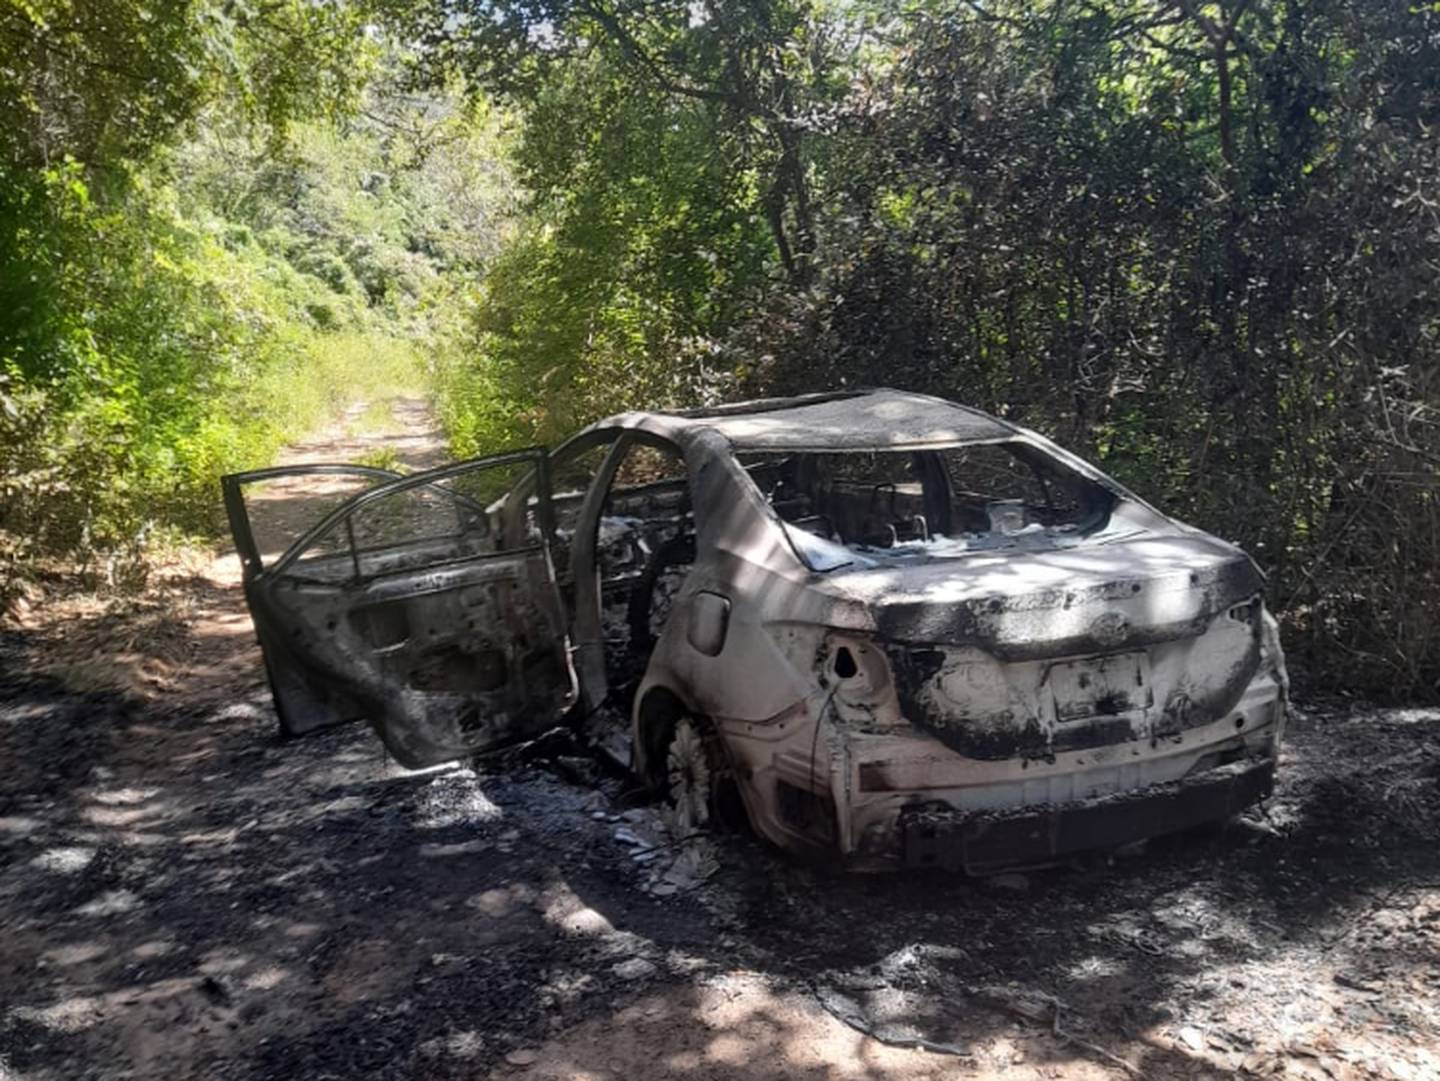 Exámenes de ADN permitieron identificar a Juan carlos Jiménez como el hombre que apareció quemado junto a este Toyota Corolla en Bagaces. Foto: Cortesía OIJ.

—————

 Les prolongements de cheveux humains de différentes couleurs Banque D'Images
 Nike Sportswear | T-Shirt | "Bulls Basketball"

—————

• Exercise description: Take the entries above and return only the lines from the one with "Les prolongements de" to the one with "Nike Sportswear |", both included, unchanged.

• Answer to the exercise:
 Les prolongements de cheveux humains de différentes couleurs Banque D'Images
 Nike Sportswear | T-Shirt | "Bulls Basketball"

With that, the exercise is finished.